=== Begin Enclosure ===
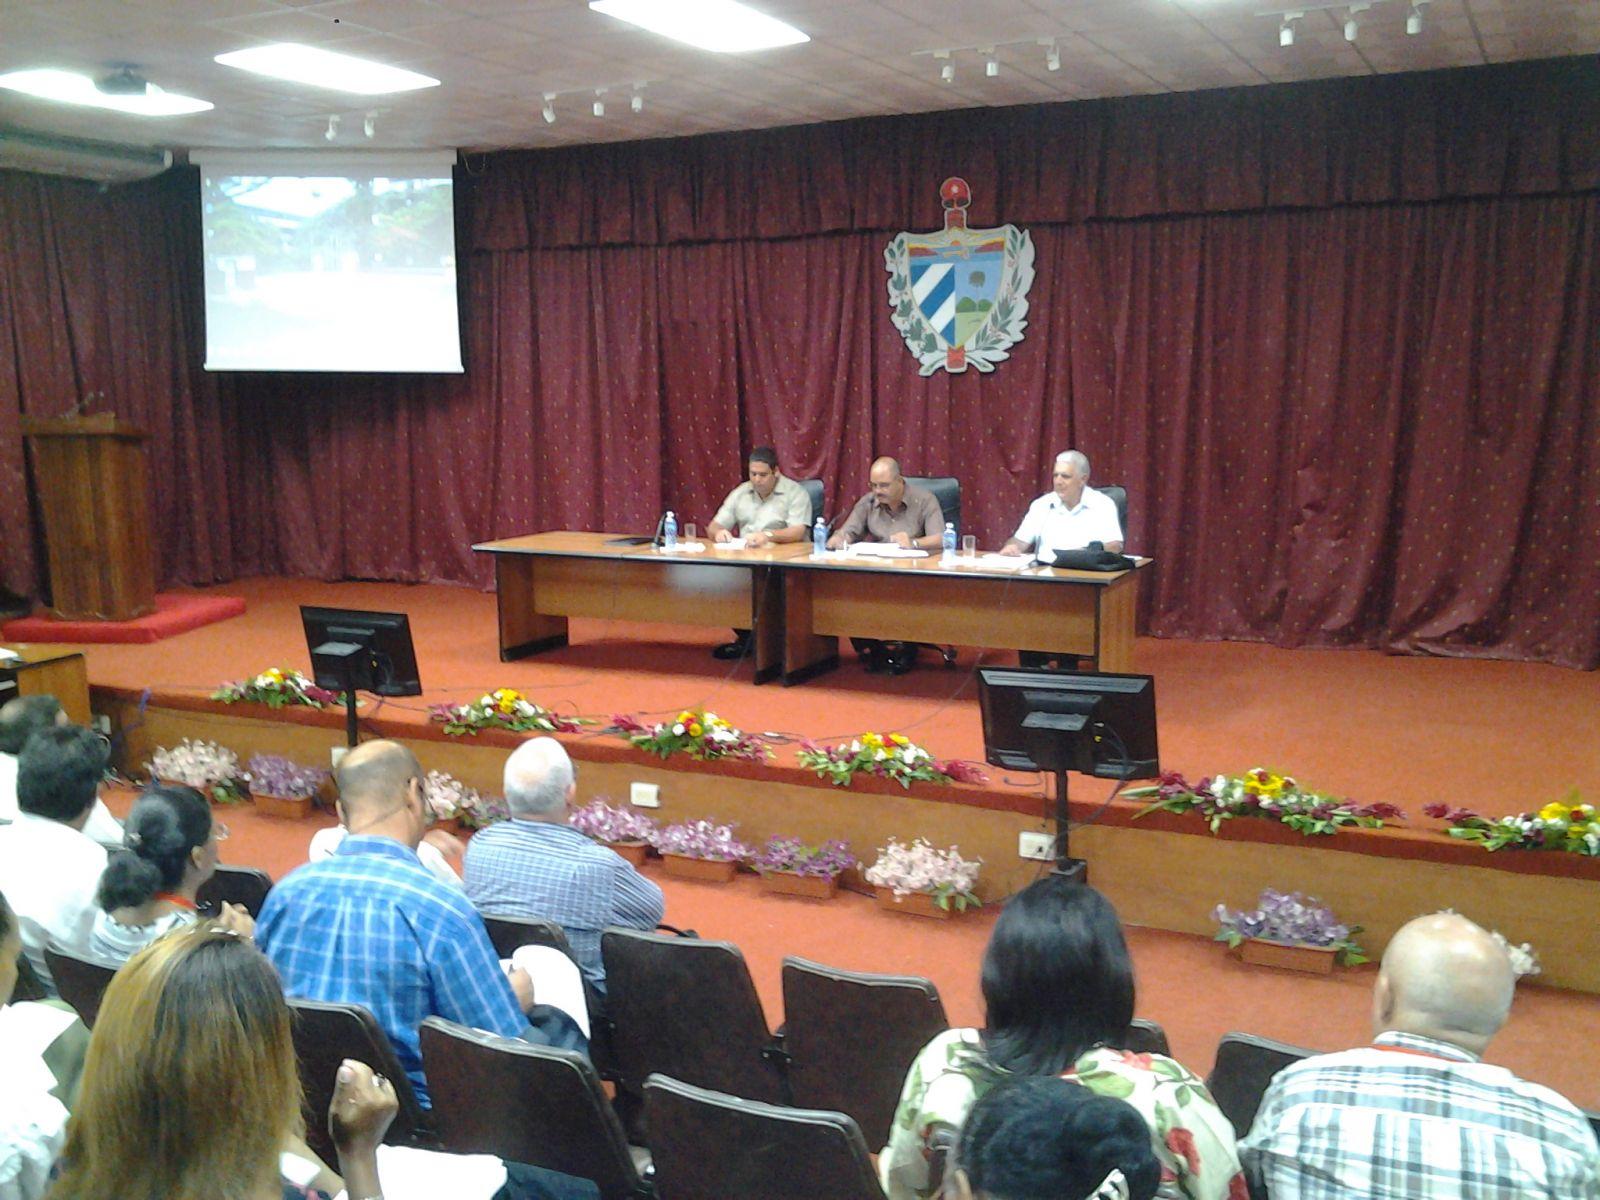 Asamblea Provincial de La Habana en sesión ordinaria. Fotos: Isel Quintana
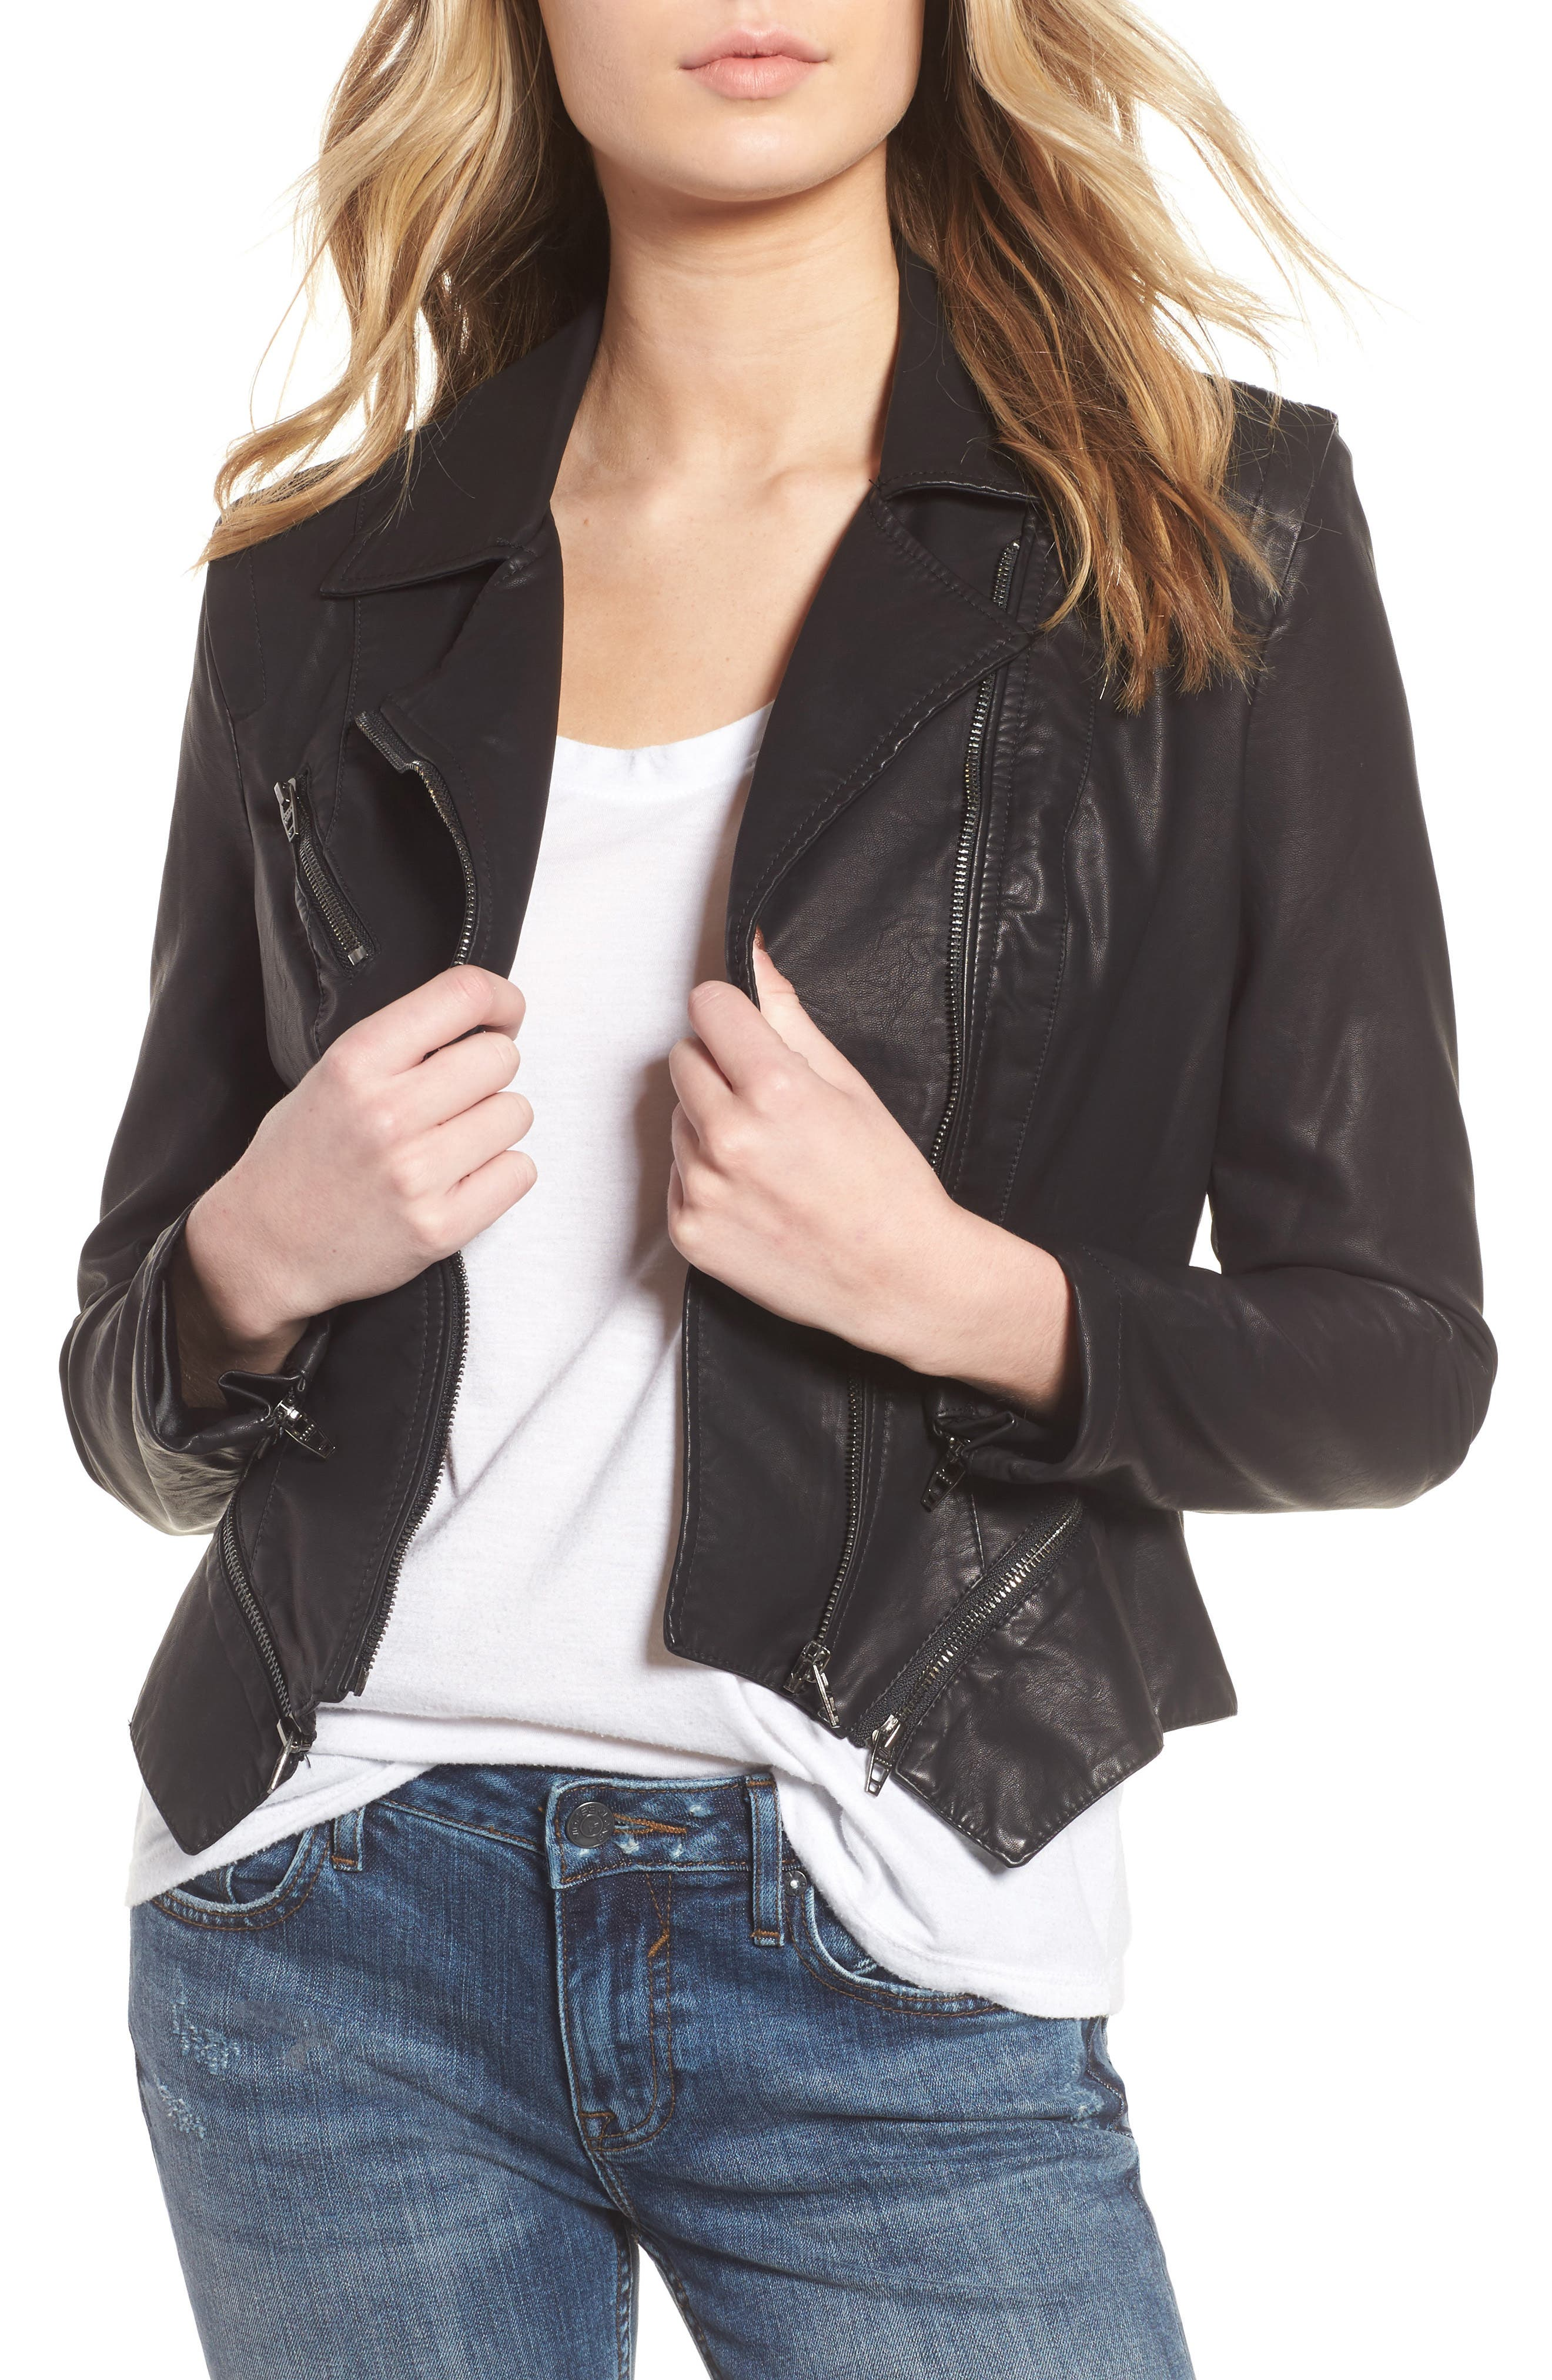 BLANKNYC, Faux Leather Moto Jacket, Main thumbnail 1, color, BLACK
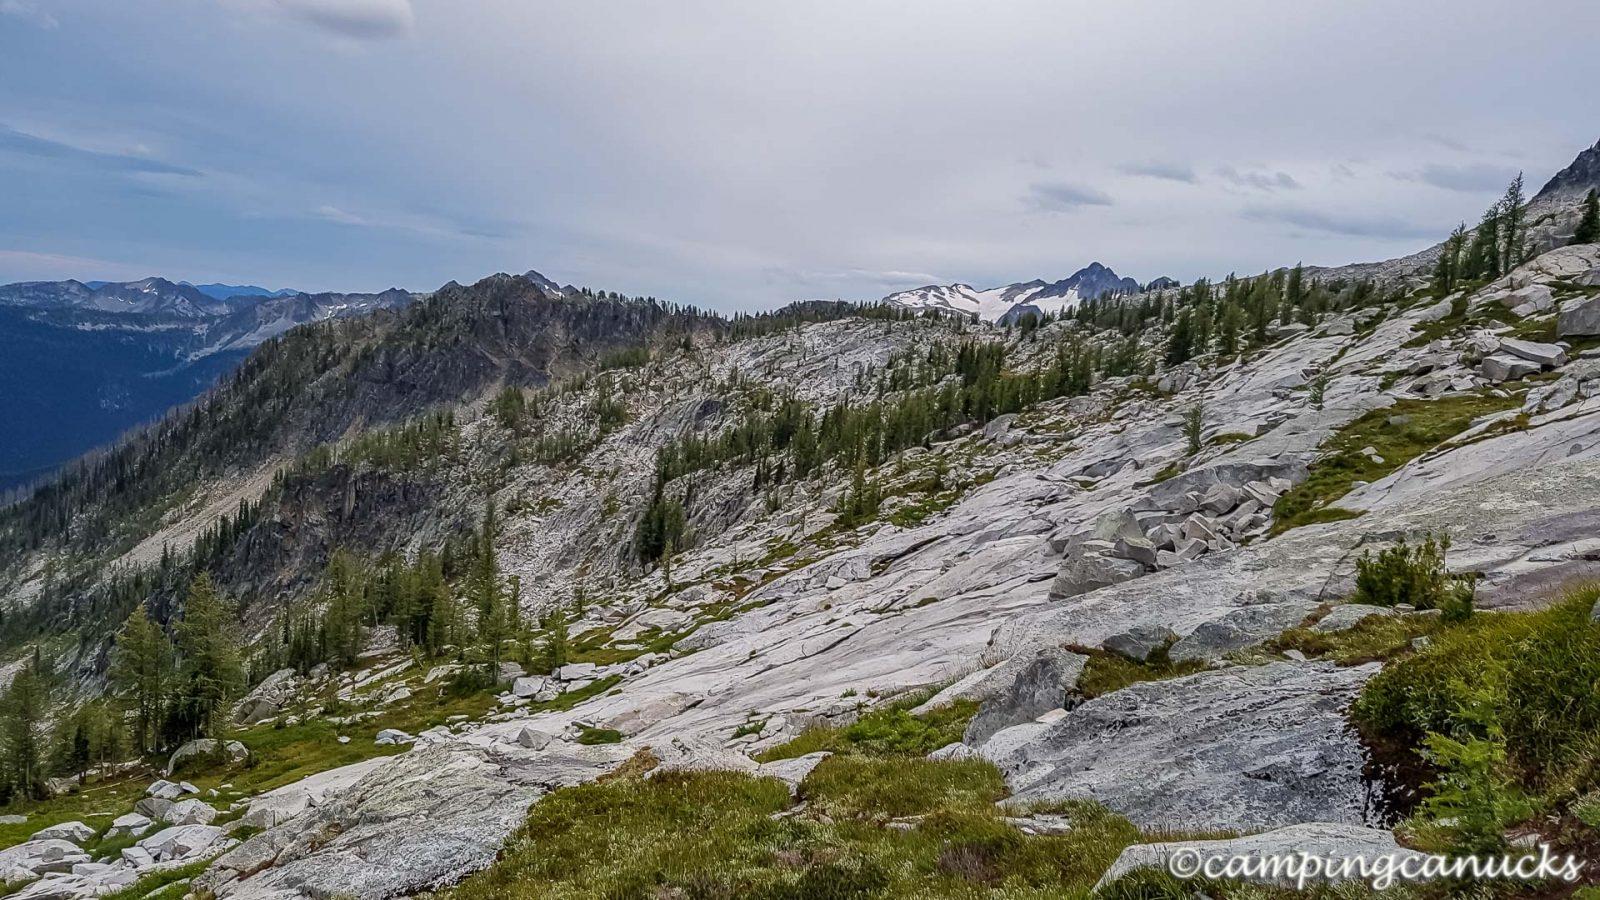 Along the Silver Spray Trail
=== End Enclosure ===
= TASK INSTRUCTIONS =
Pictures excluded, output exactly the line that contains "BLANKNYC, Faux Leather" and every line after it to the end of the data above.

= ANSWER FOR THE TASK =
 BLANKNYC, Faux Leather Moto Jacket, Main thumbnail 1, color, BLACK
 Along the Silver Spray Trail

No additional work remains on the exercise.